We’ve made strides over the last few years in addressing student basic needs on campus. Those needs don’t go away if the campus locks doors for a while. The folks who rely on the food pantry, or the social worker, still need what they need. Replicator technology (“Earl Grey, hot”) still isn’t to the point that there’s an app for food. When the pantry isn’t open, some students feel it directly.

Collective bargaining agreements are written with normal circumstances in mind. If we move everyone online, what do we do about class observations for annual evaluations? How do we define the contractually stipulated office hours? Those answers require discussion and agreement, both of which presume that the new circumstances will be sufficiently stable and understood to serve as the foundation for a new memorandum of agreement.

Students whose disability accommodations presume a traditional classroom setting may need different sorts of support now.

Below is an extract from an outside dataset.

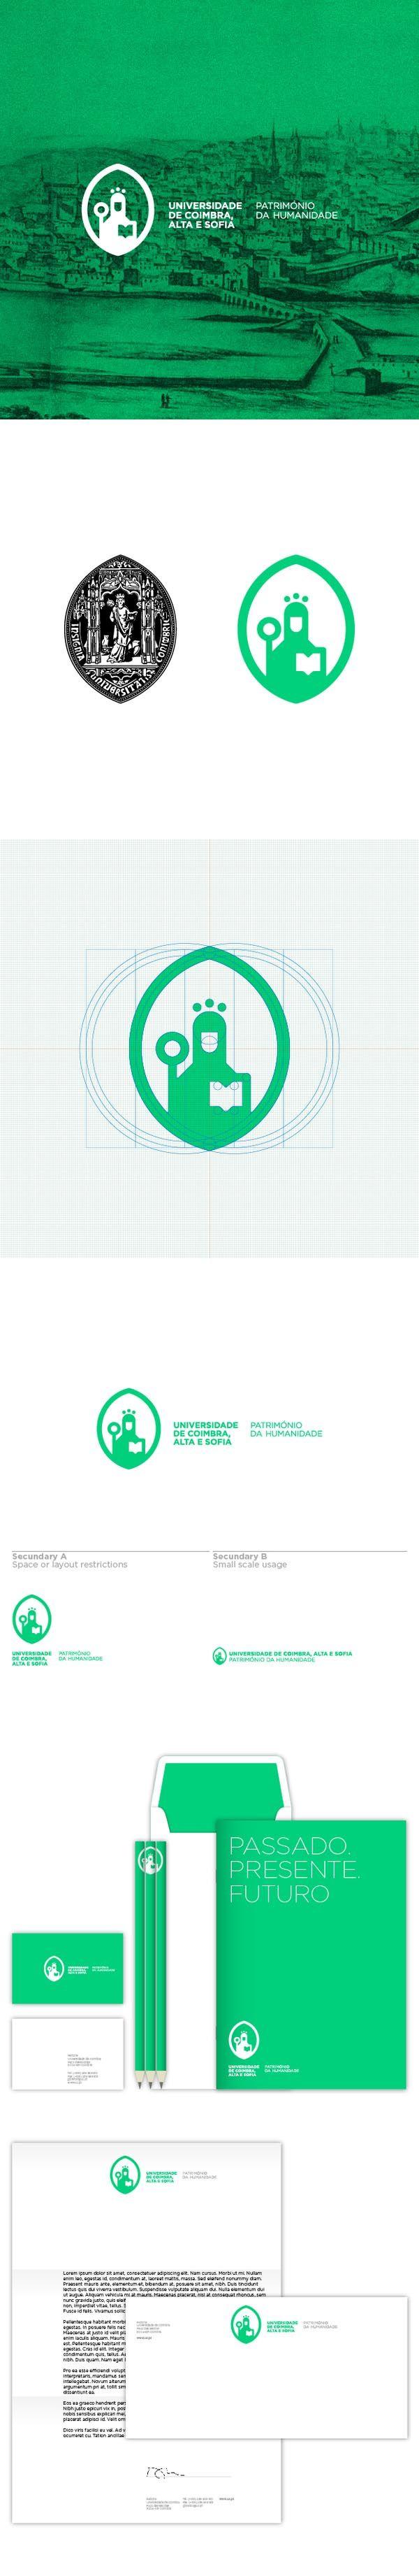 Universidade De Coimbra   #stationary #corporate #design #corporatedesign #logo #identity < < repinned by www.BlickeDeeler.de   Follow us on www.facebook.com/BlickeDeeler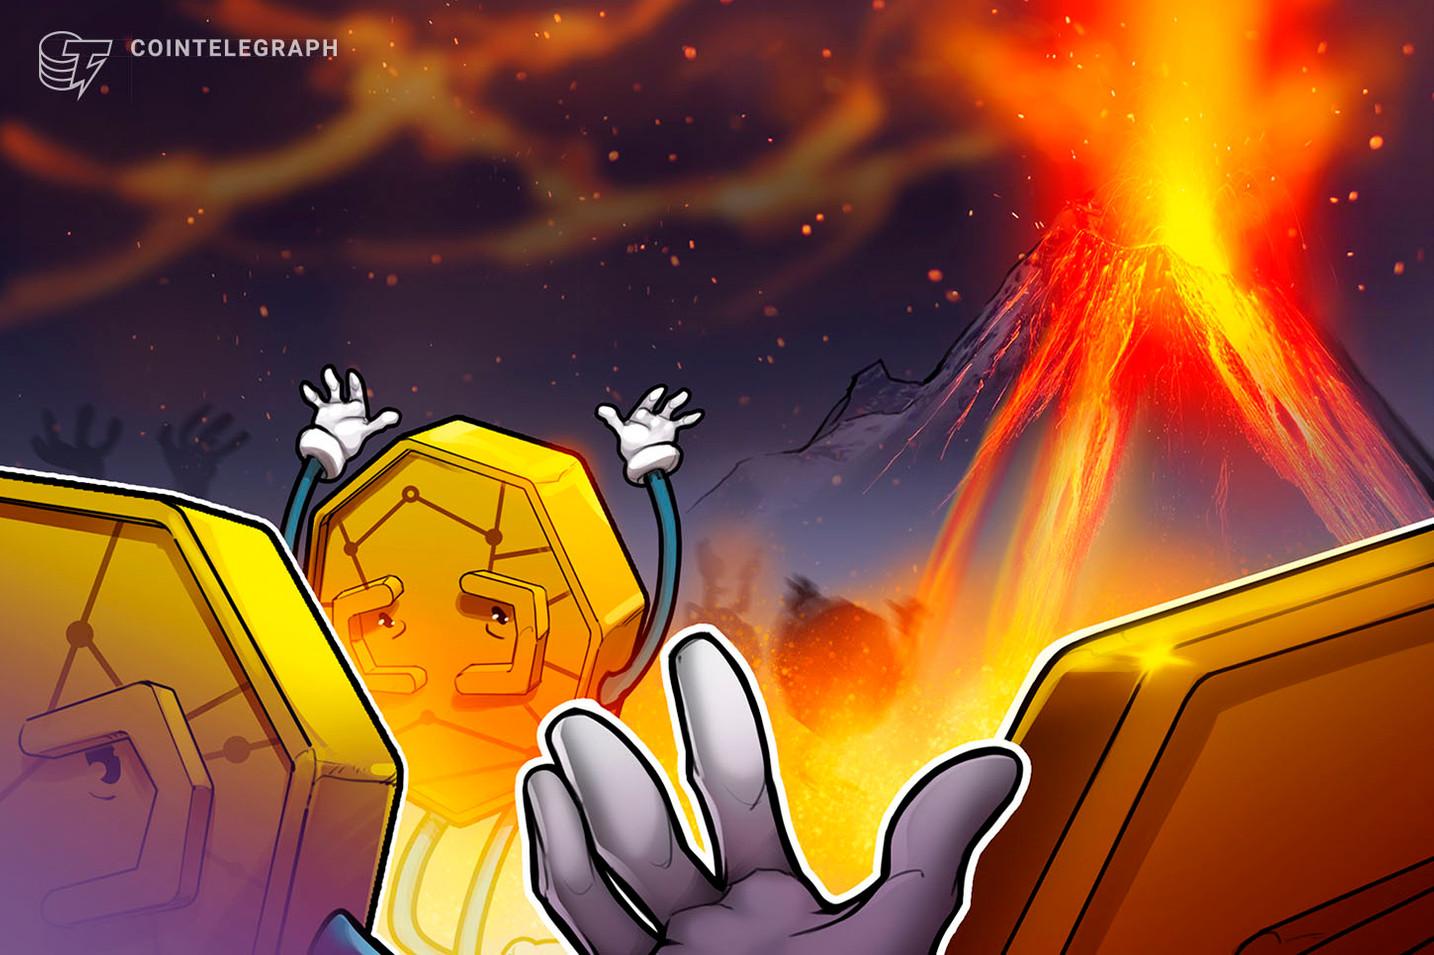 Friday Shows Bloodbath for Crypto Markets, Bitcoin Price At $7,300

Of course, we also host public events. What about the people renting the arena for this event or that one? What about the college open house? What about the athletic teams, student clubs and gallery openings?

What about the effects on next fall’s enrollment? Down, because people are scared? Up, because they’re scared of going away? Luckily, we don’t have a track record of pandemics to provide guidance.

And all of this is at a college without dorms. Add dorms and the issues become exponentially more complicated.

If every emergency were the same, planning for them would be a lot easier. But they’re not. A pandemic that struck in, say, June, would be very different from one striking now. Weather events can be catastrophic -- Hurricane Sandy was brutal here -- but the events themselves (as distinguished from their effects) end quickly. In this case, we don’t know when it will end. The indeterminacy requires multiple layers of planning, some of which will turn out to be irrelevant.

We’ll get through this, serving students and the community with talent and pride. We just need to be prepared for more layers of doll than appeared at first glance.